Türkiye and Albania are two members of the NATO alliance who play a role in maintaining peace and stability in the Balkans region, said Turkish President Recep Tayyip Erdoğan on Thursday.
"Türkiye and Albania are two NATO allies contributing to the preservation of peace and stability in the Balkans," Erdoğan told a joint news conference in the capital Ankara with Edi Rama, Albania's prime minister, who is paying a one-day official visit.

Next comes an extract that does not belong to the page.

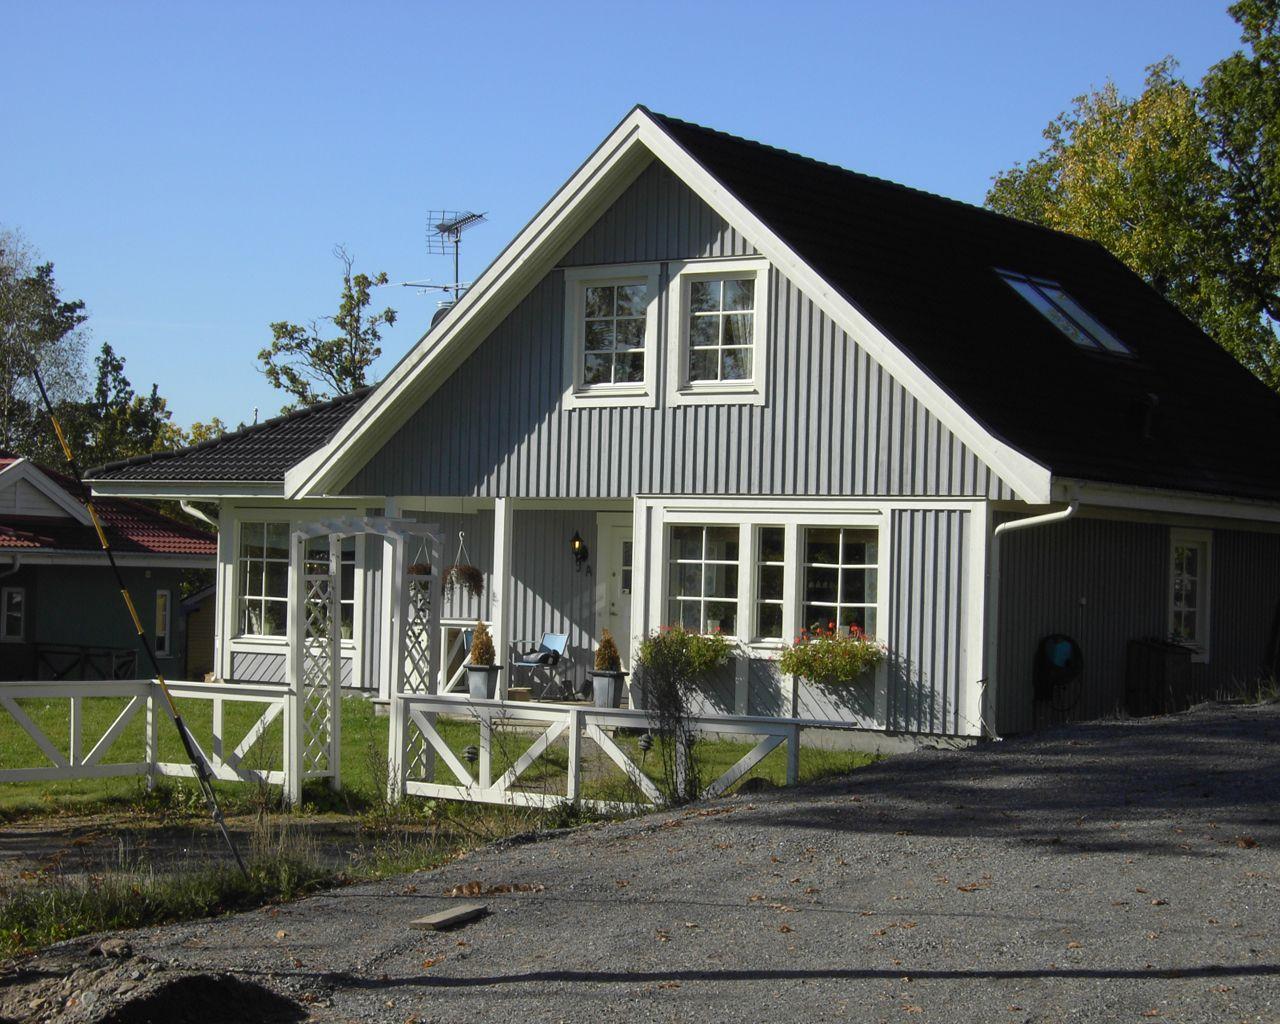 Schwedenhaus grau  Unsere Bauunternehmer bauen Ihr Schwedenhaus, bezahlbar in ganz ...

Erdoğan said Albania was on "the right side of the history" in a UN General Assembly vote last December in favor of an immediate humanitarian cease-fire in the Gaza Strip, stressing the crucial importance of its solidarity with the "oppressed Palestinian people" at this time, over four months into Israeli onslaught in Gaza, which has taken nearly 30,000 lives.
On the subject of the Fetullah Terrorist Organization (FETO), a group that mounted a failed coup in Türkiye in 2016 but continues to infiltrate and threaten other countries, Erdoğan said: "We will not allow the nefarious network attempting to poison our relations through the FETO terrorist organization to succeed; we will continue our fight against them."
Erdoğan added that Türkiye has elevated its trade volume with Albania to the level of $1 billion, and now they seek to double this to $2 billion.
Turkish relations with the Balkan nation of Albania derive their strength from shared history and strong social and cultural bonds, according to the Turkish Foreign Ministry.